* **Your instructions**:
For this exercise, repeat exactly the lines below starting at the line holding "coco de tea" and ending at the line holding "PGA Tour Superstore", both included, with no extra lines and no pictures.

* **Data to examine**:
_____

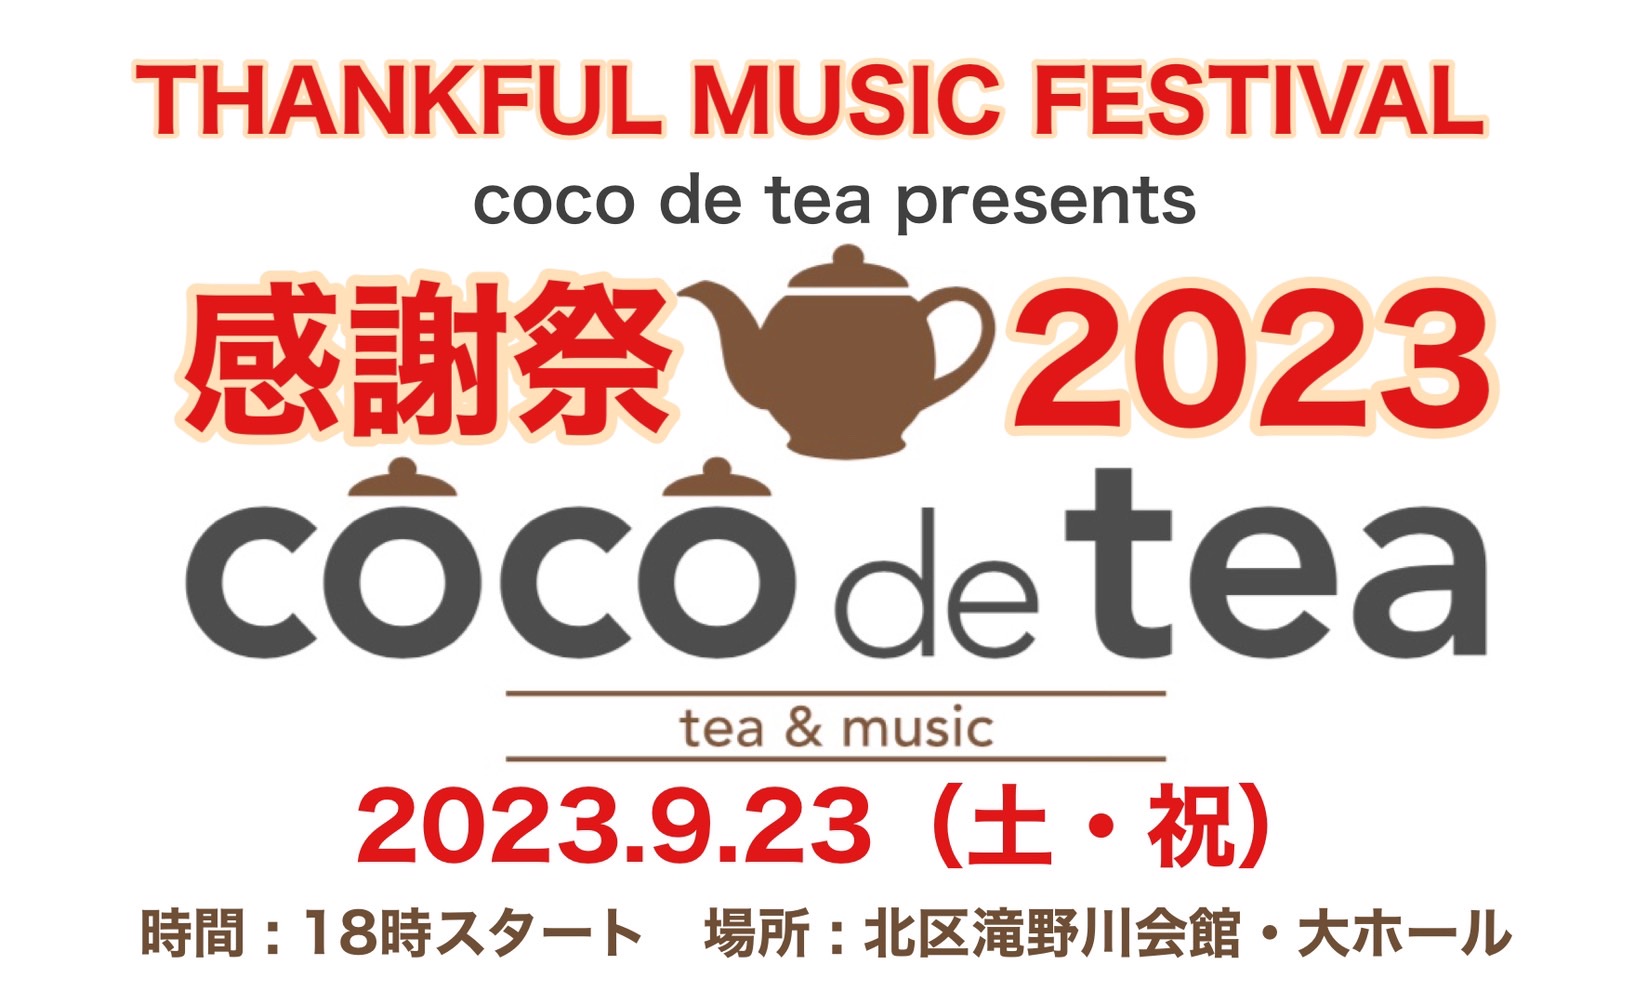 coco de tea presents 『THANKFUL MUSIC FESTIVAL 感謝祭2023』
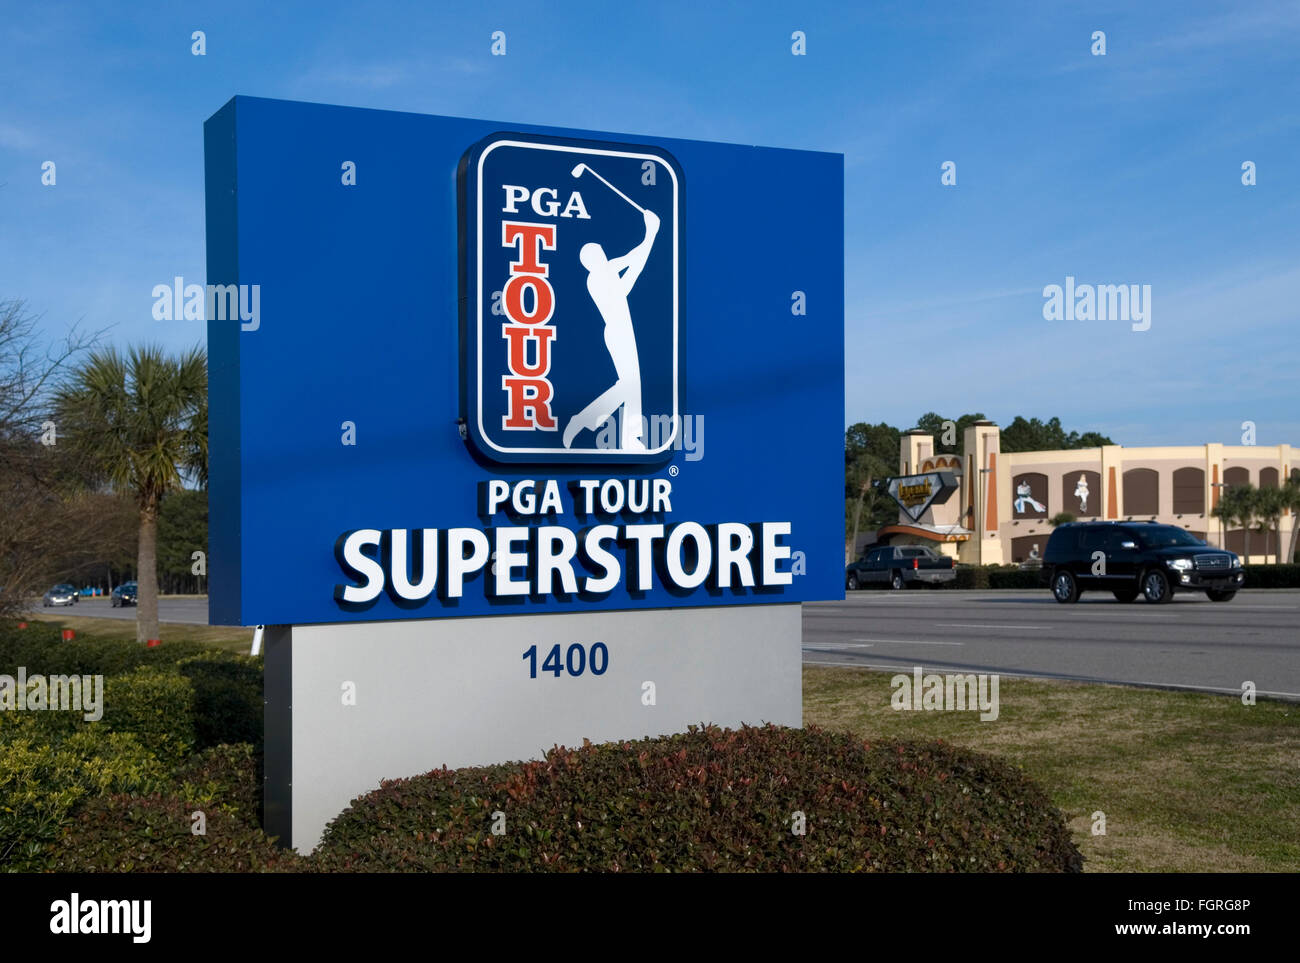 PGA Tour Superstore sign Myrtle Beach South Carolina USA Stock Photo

_____

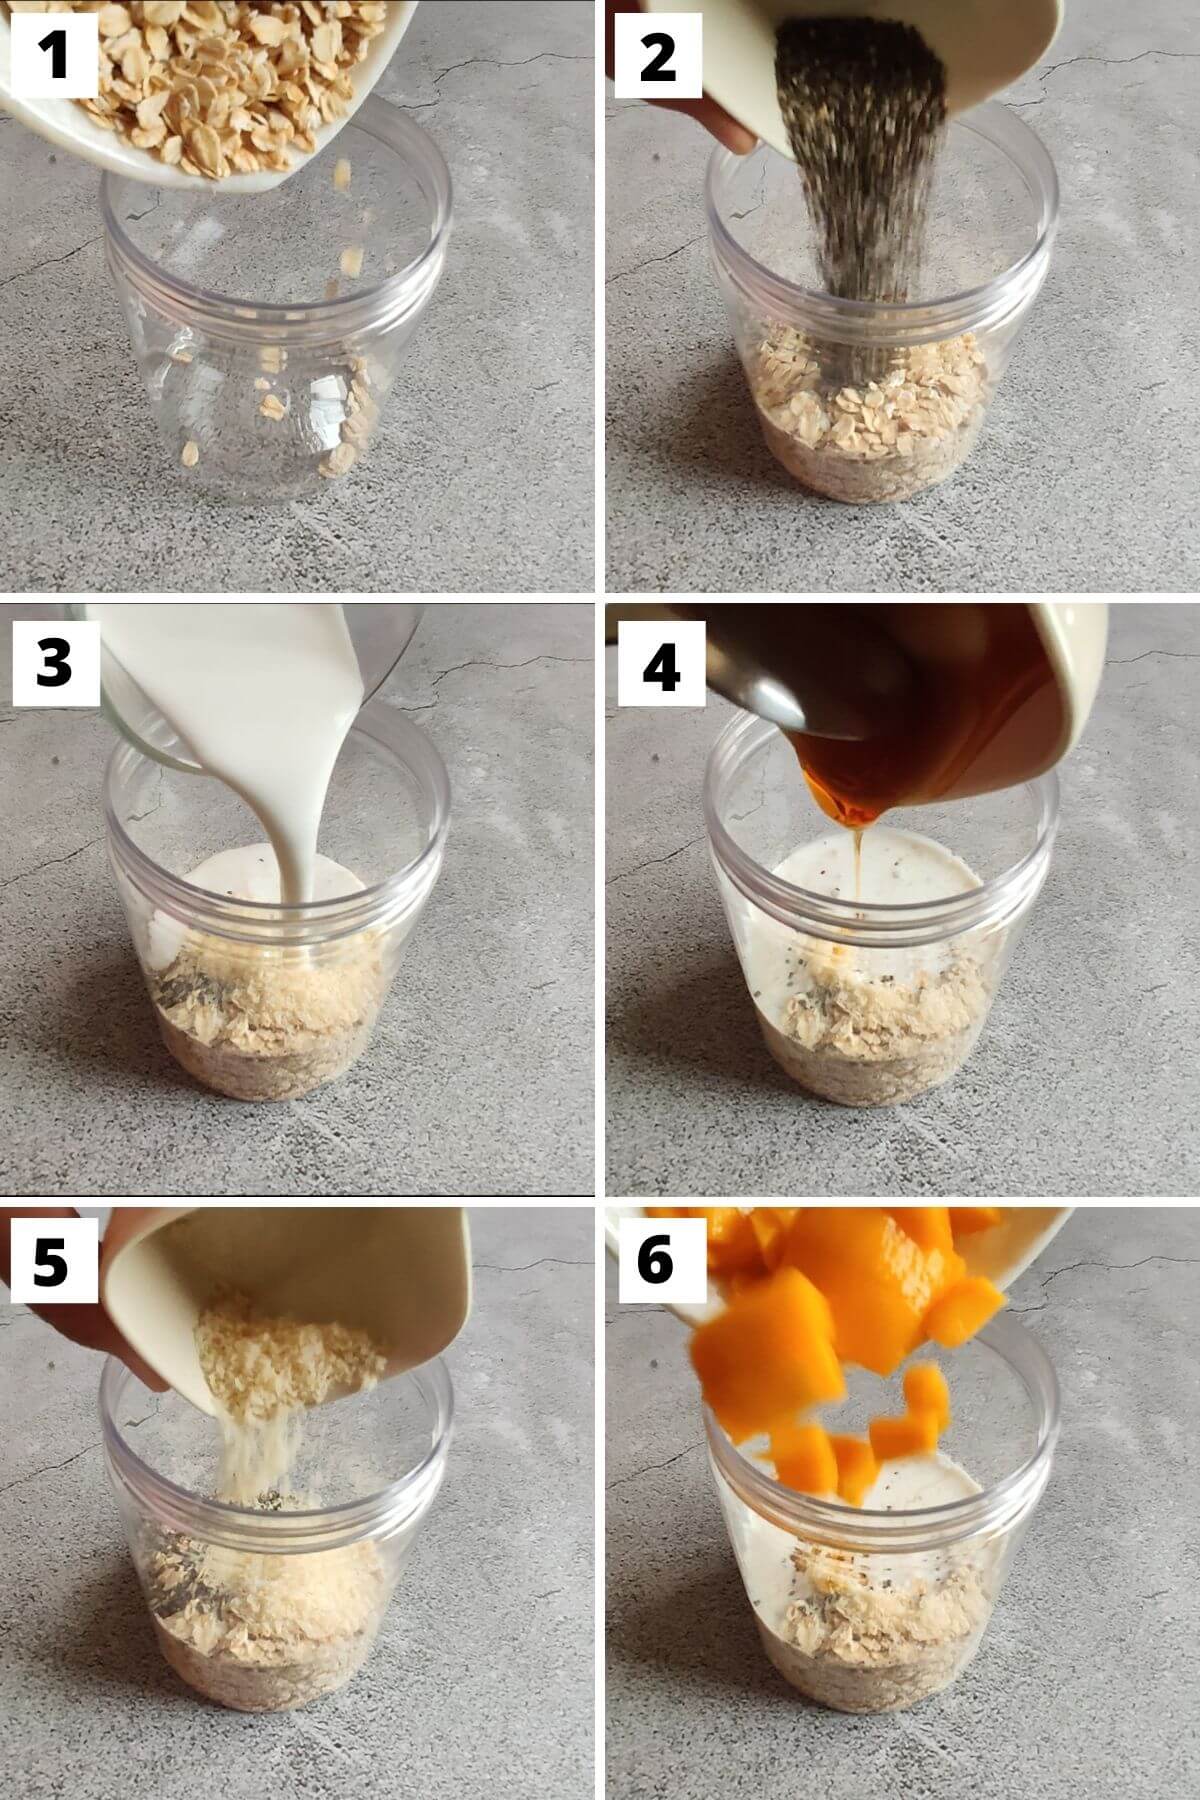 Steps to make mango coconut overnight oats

_____

* **Finished task**:
 coco de tea presents 『THANKFUL MUSIC FESTIVAL 感謝祭2023』
 PGA Tour Superstore sign Myrtle Beach South Carolina USA Stock Photo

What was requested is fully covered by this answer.